Exercise brief: All of the data should be copied exactly, with the pictures left out.

Available data:
§ §

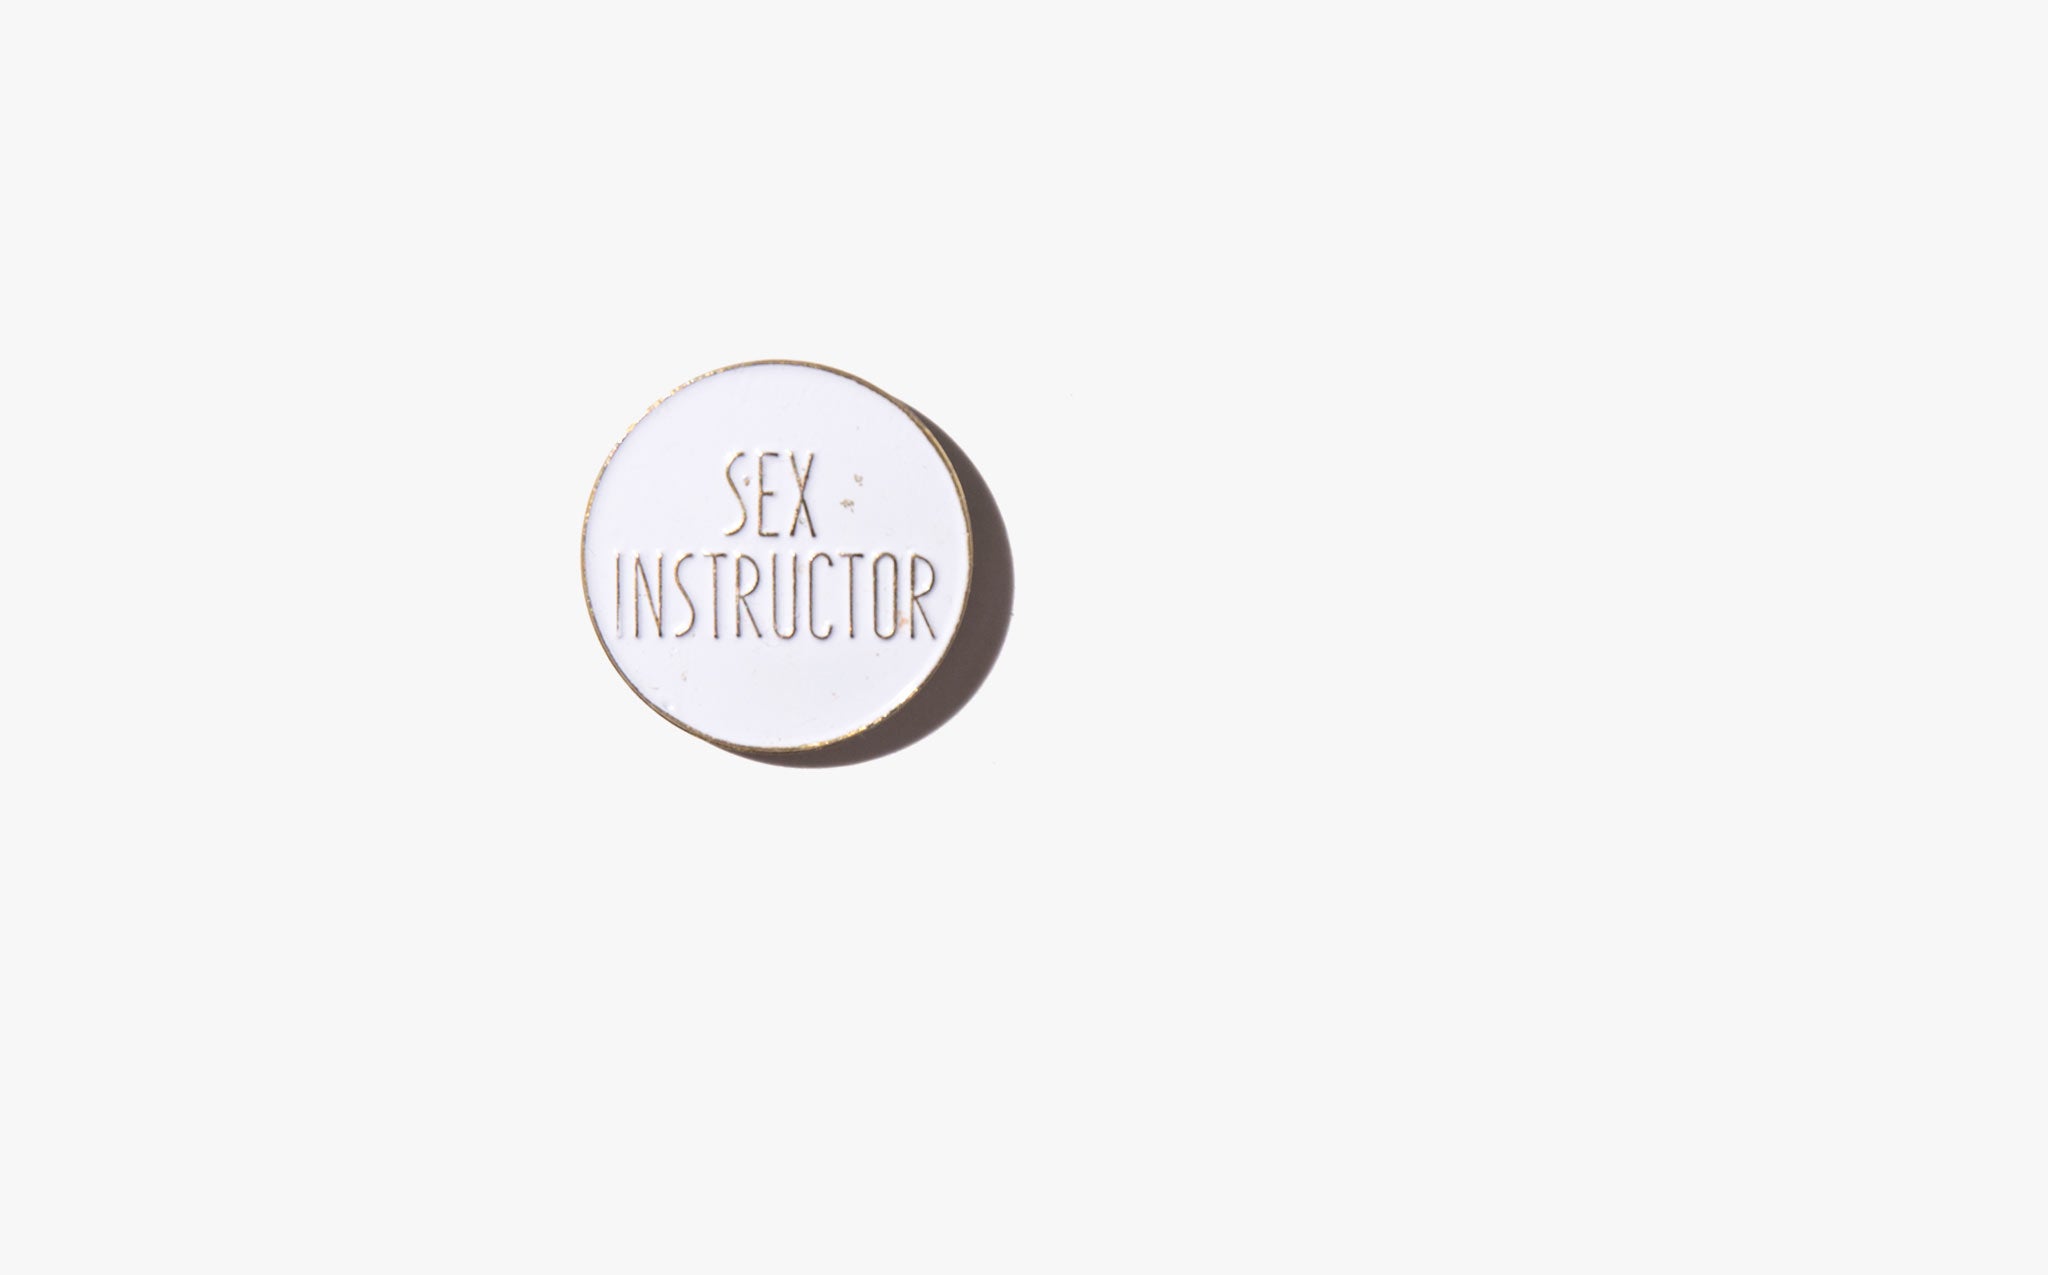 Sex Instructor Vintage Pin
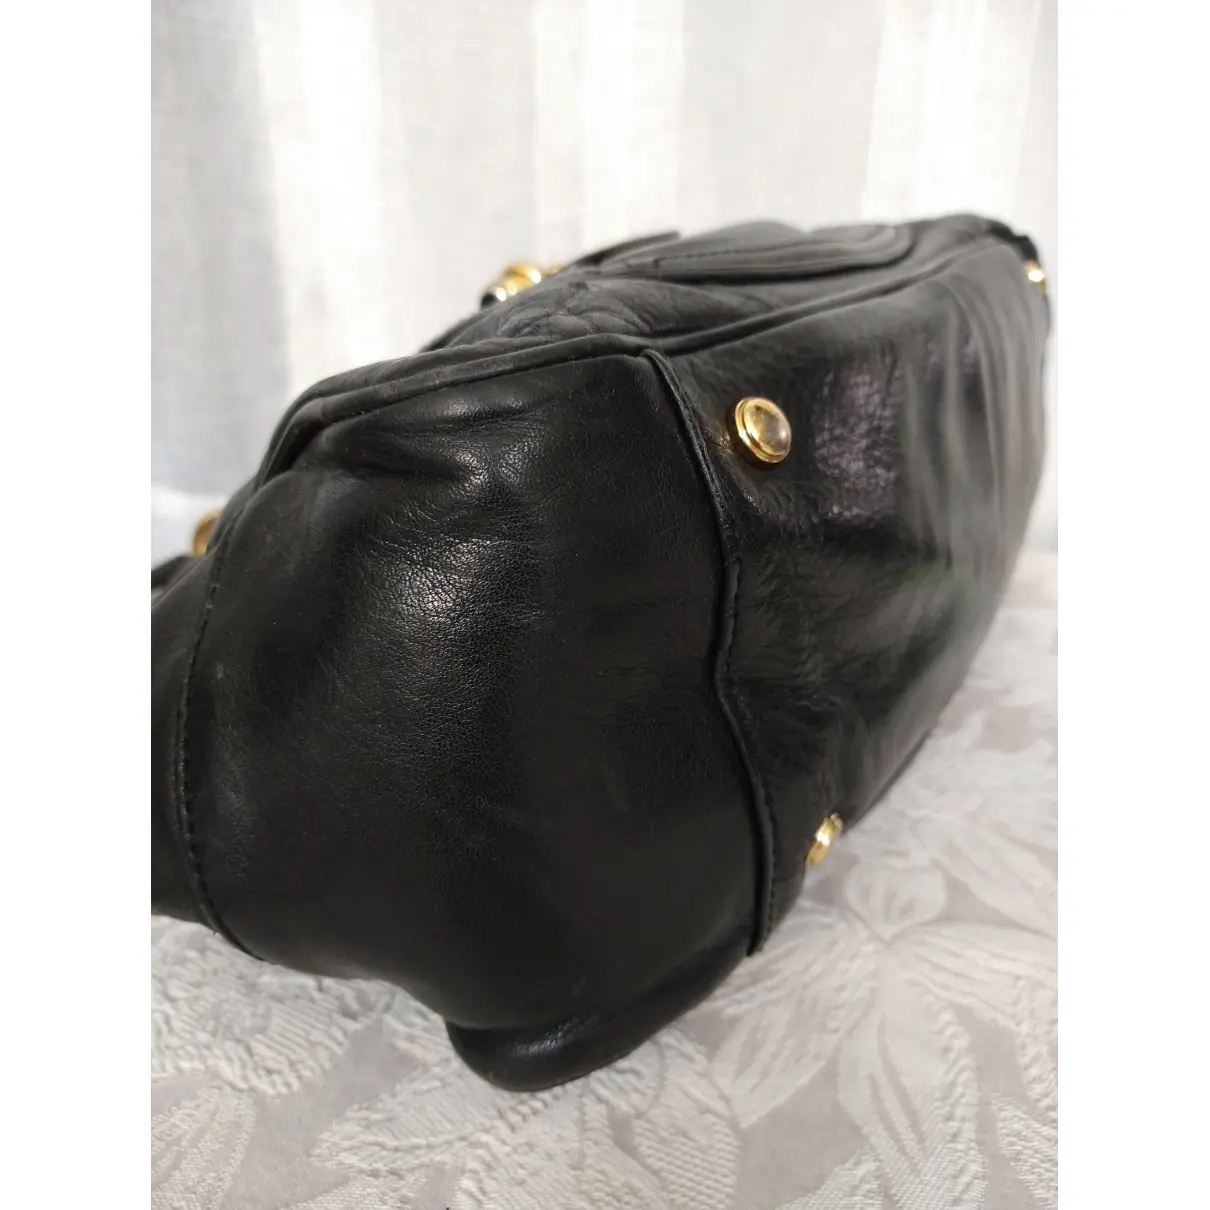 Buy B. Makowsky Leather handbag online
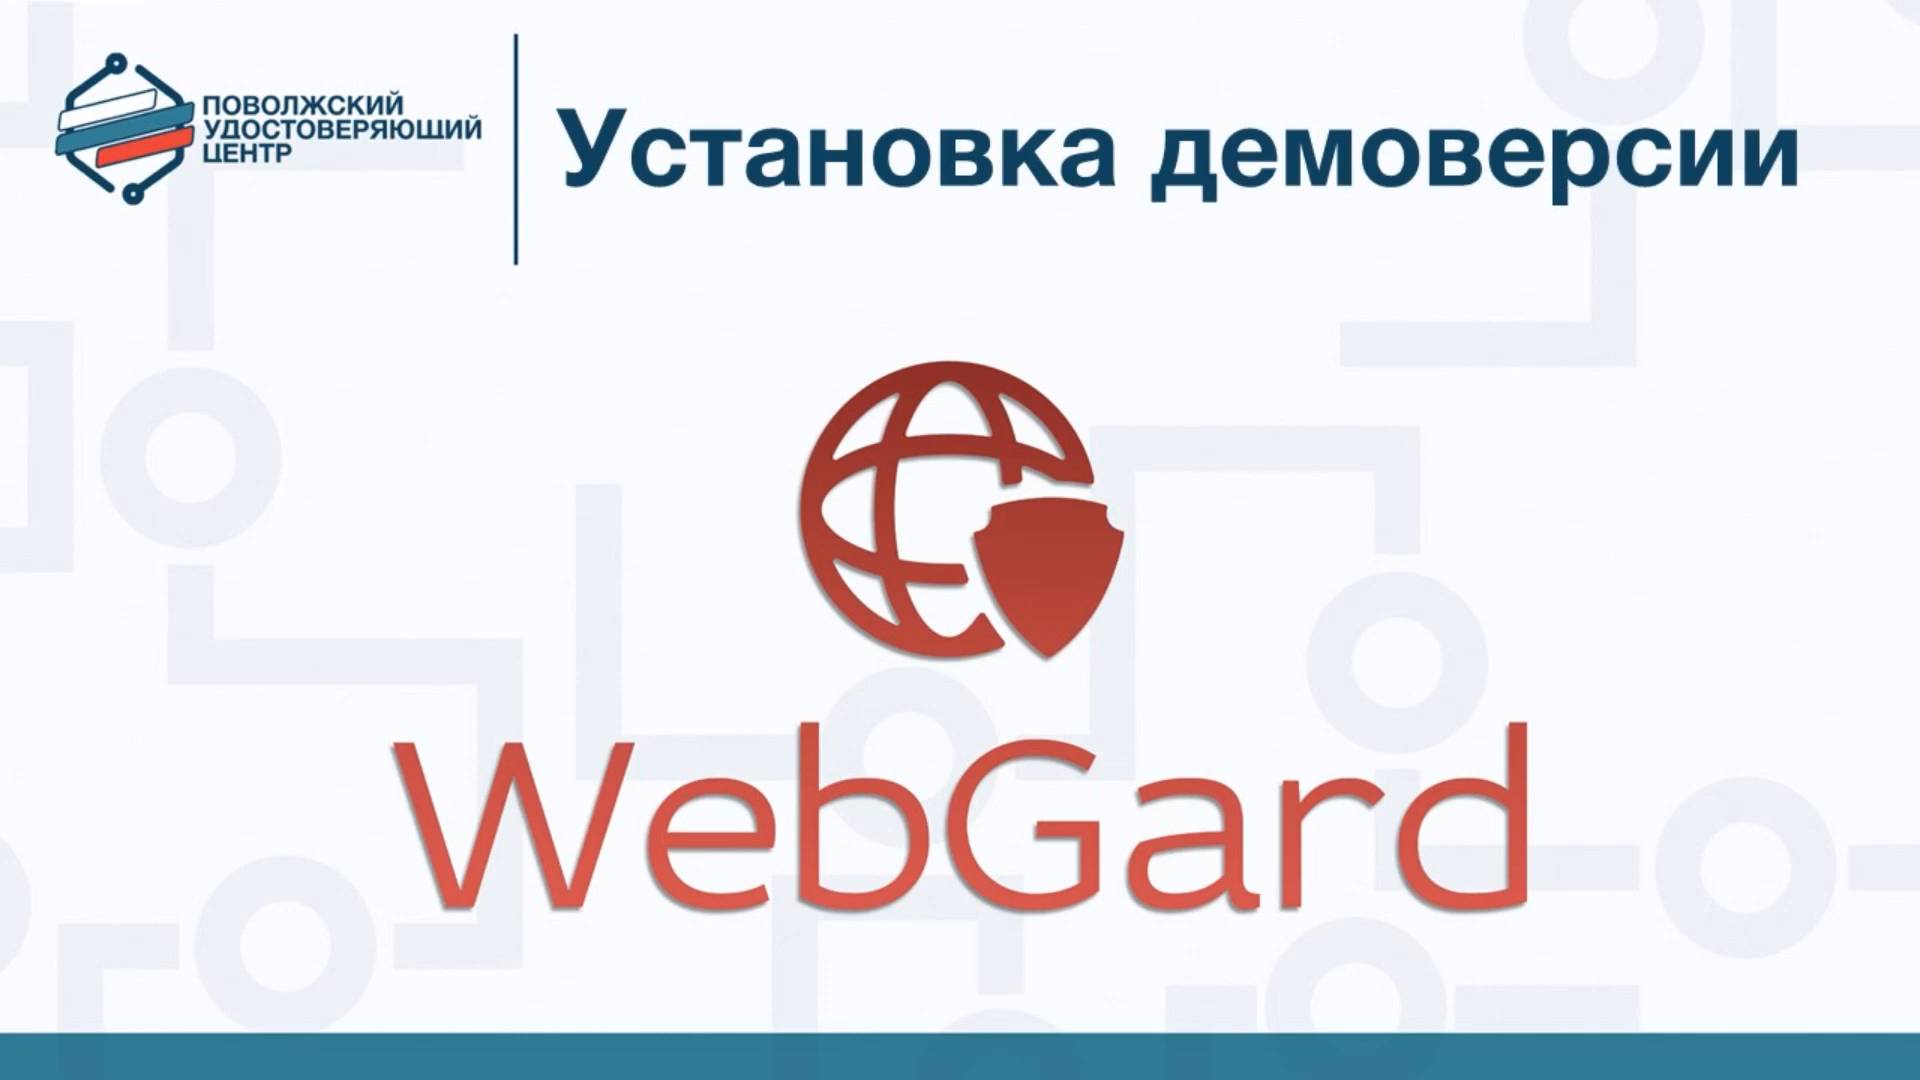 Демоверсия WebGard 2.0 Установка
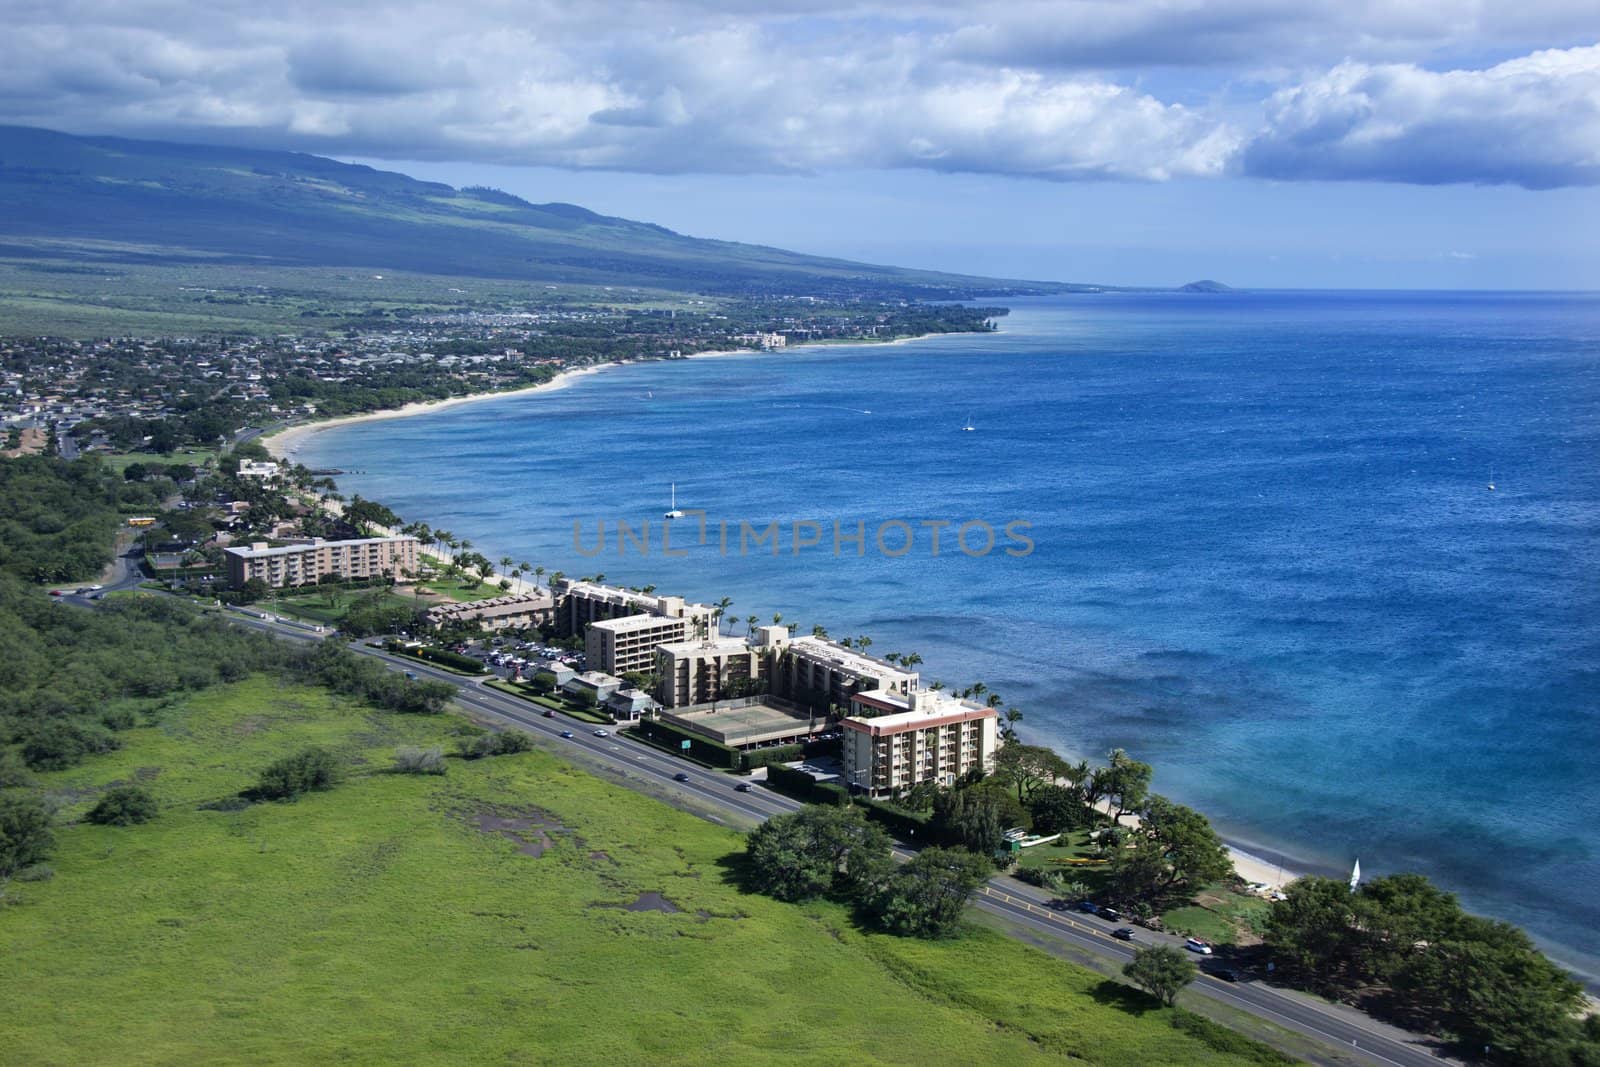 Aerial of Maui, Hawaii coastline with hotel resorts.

§ §

Solution below:
 Sex Instructor Vintage Pin
 Buy B. Makowsky Leather handbag online
 Демоверсия WebGard 2.0 Установка
 Aerial of Maui, Hawaii coastline with hotel resorts.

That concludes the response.